Postgraduate taught 

Economics, International Banking & Finance MSc

Microeconomics for Financial Markets ECON5021

  • Academic Session: 2025-26
  • School: Adam Smith Business School
  • Credits: 20
  • Level: Level 5 (SCQF level 11)
  • Typically Offered: Semester 1
  • Available to Visiting Students: No
  • Collaborative Online International Learning: No

Short Description

This course provides students with a solid foundation of microeconomics to enable them to understand how financial and commercial situations can affect both individuals' and businesses' choices and welfare. The course will introduce students to basic game theoretical tools to analyse markets and firms' behaviour, including bargaining and auctions. The course will also provide students with the first building blocks in general equilibrium (which unifies microeconomics, macroeconomics and finance). The lectures will be augmented by talks from relevant market regulators, whenever possible.

Timetable

Synchronous:

10 x 2-hour lectures on campus

4 x 1-hour tutorials on campus.

Excluded Courses

None

Co-requisites

None

Assessment

ILOs

Main Assessment In: December

Course Aims

The course aims to:

■ Provide students with a solid foundation in advanced microeconomic theory.

■ Equip students with analytical frameworks for examining markets and economic behaviour.

■ Encourage critical discussion of market structures, efficiency, and normative issues in economics.

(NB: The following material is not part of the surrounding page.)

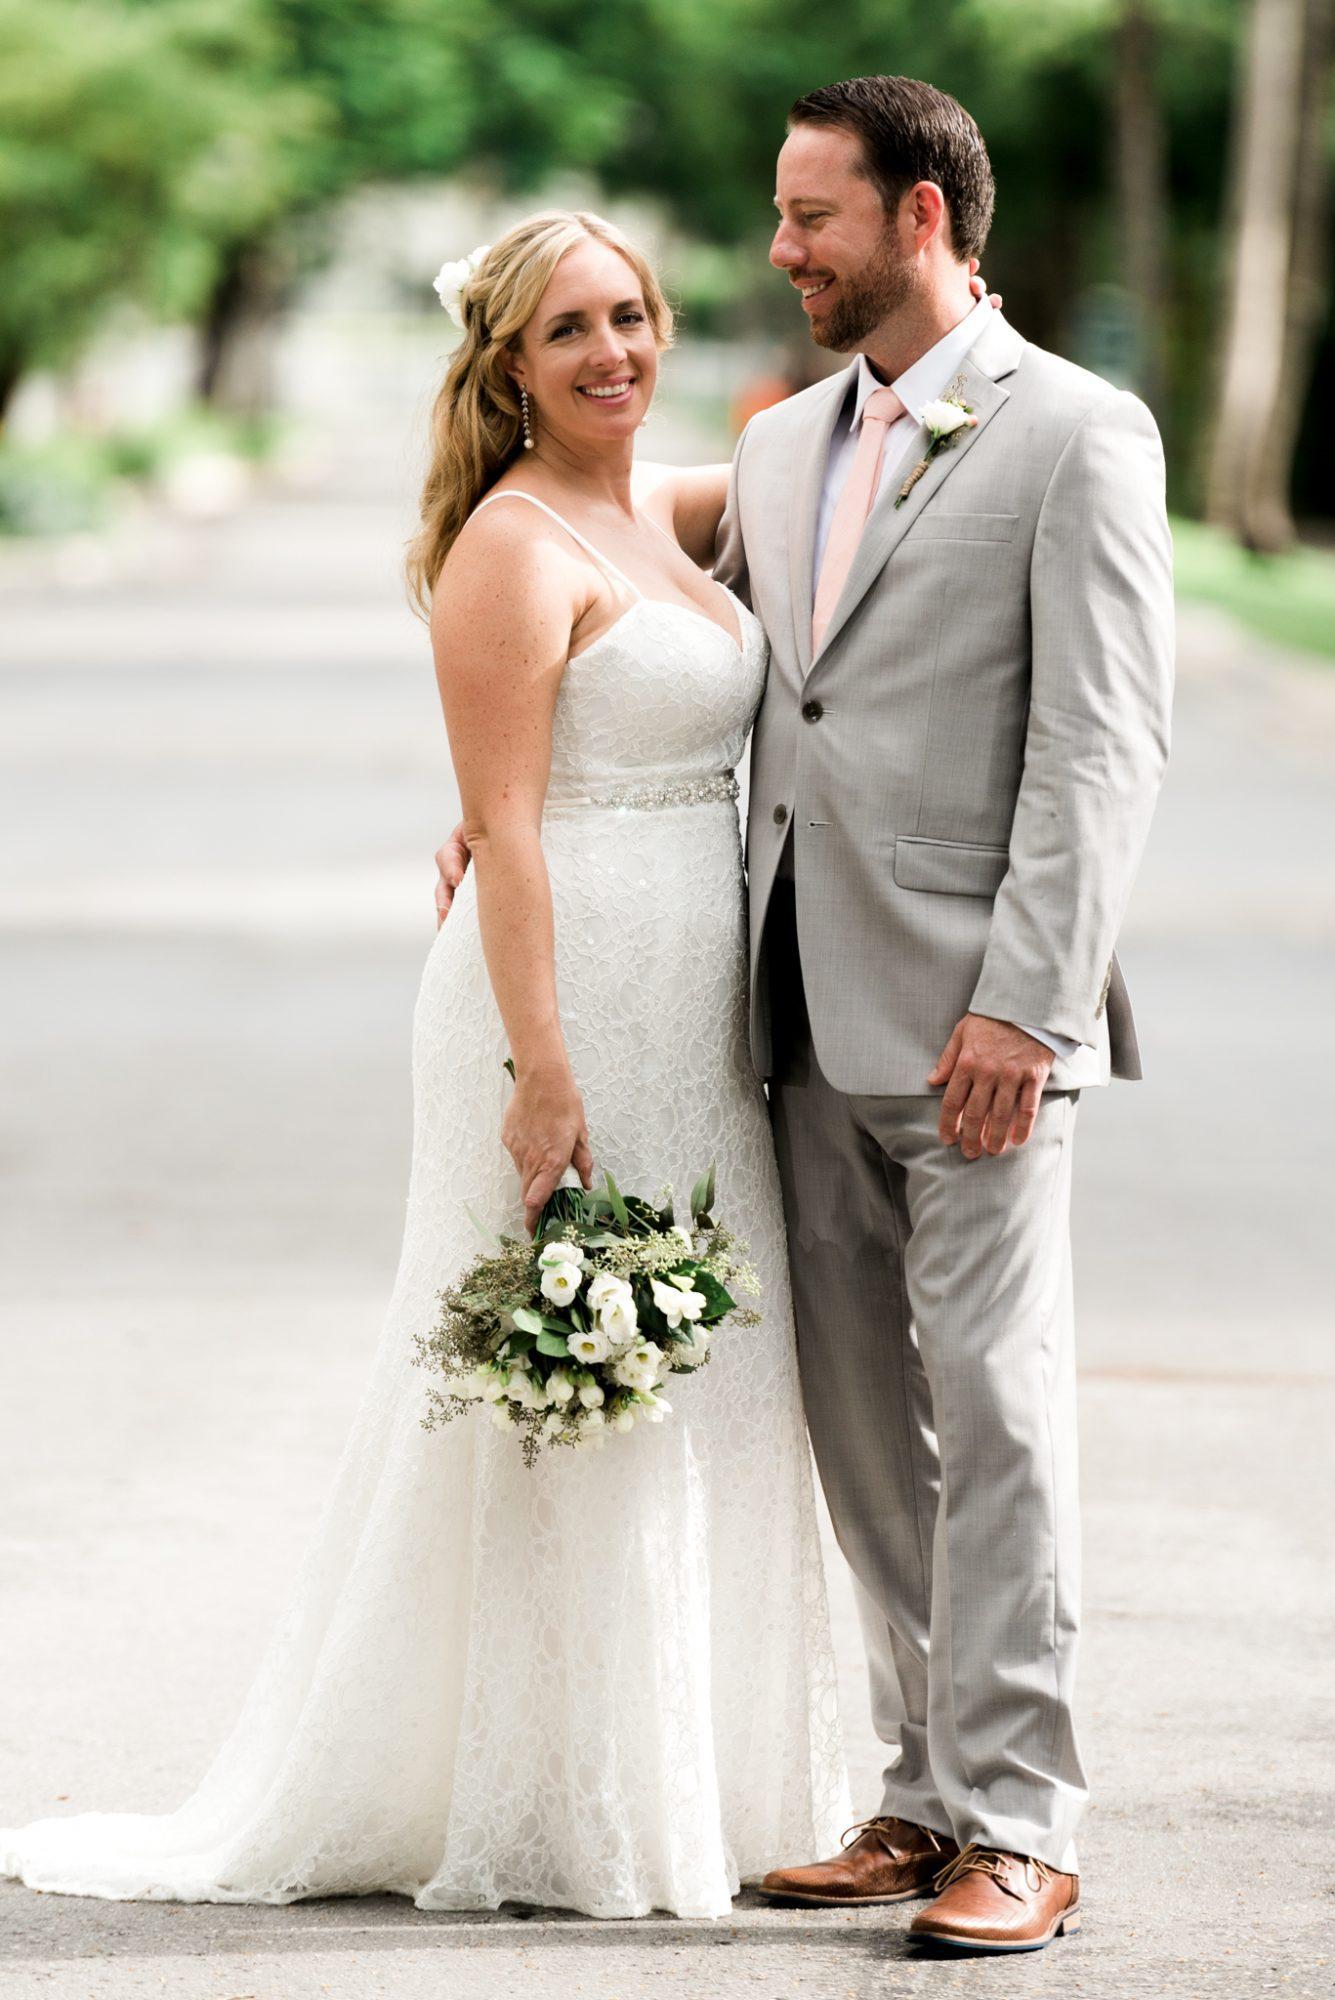 Colleen Jonathan Audubon House Wedding Key West 25 - Colleen & Jonathon | Audubon House and Gardens | Key West Wedding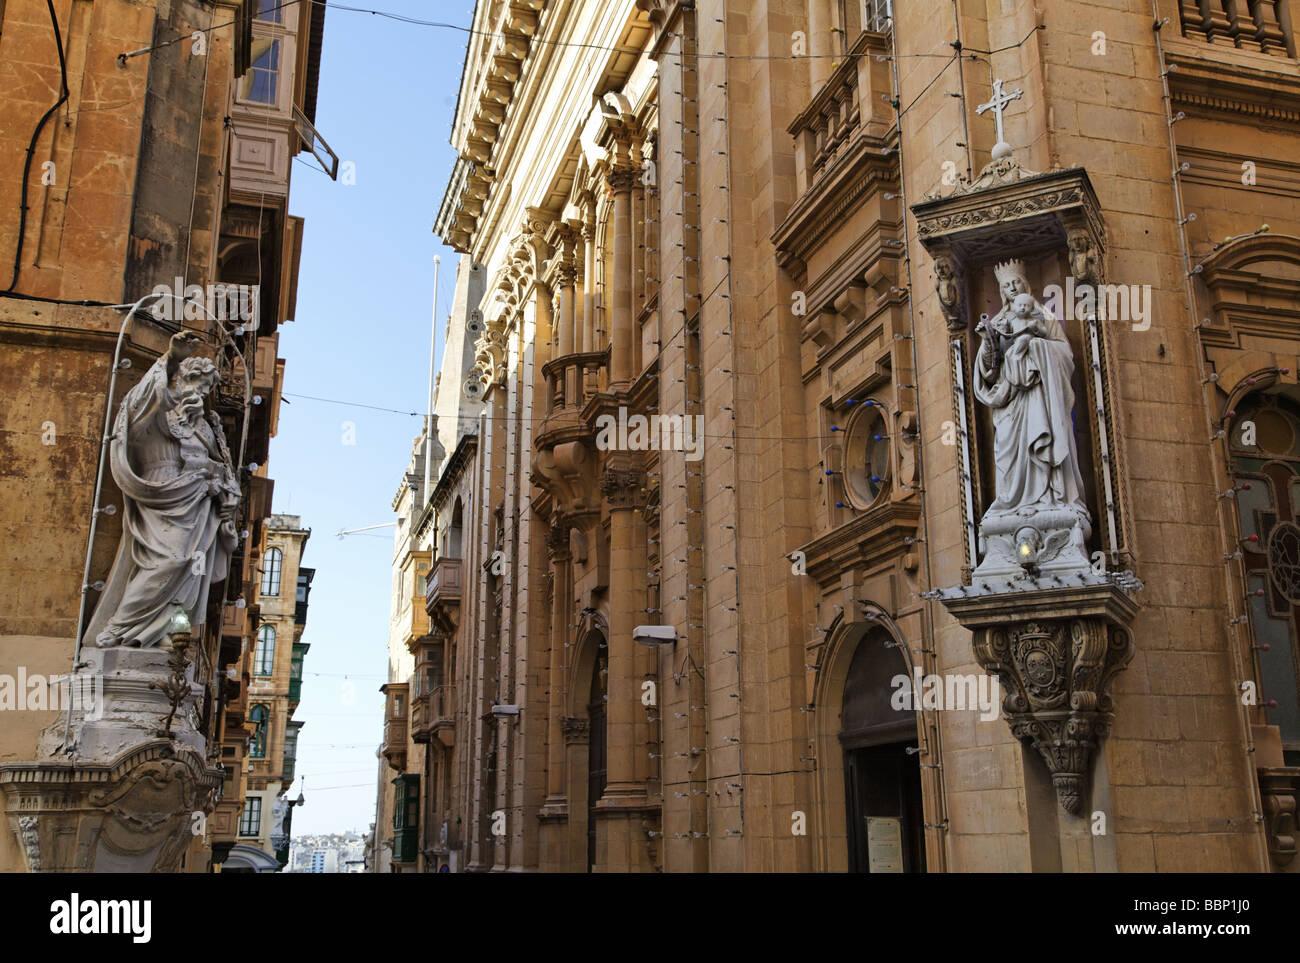 Malta, Valletta, statues of saints - Stock Image

Intended Learning Outcomes of Course

By the end of this course students will be able to:

1. Represent strategic environments (with or without uncertainty) using game-theoretic tools and solve for equilibrium outcomes in settings involving strategic interaction.

2. Characterise and analyse market structures using economic models and demonstrate how key market features affect market functioning (with a focus on market power).

3. Evaluate welfare implications in imperfectly competitive markets using formal analytical tools.

4. Analyse decision-making under risk using microeconomic models.

5. Address basic normative issues in general equilibrium frameworks.

Minimum Requirement for Award of Credits

Students must submit at least 75% by weight of the components (including examinations) of the course's summative assessment.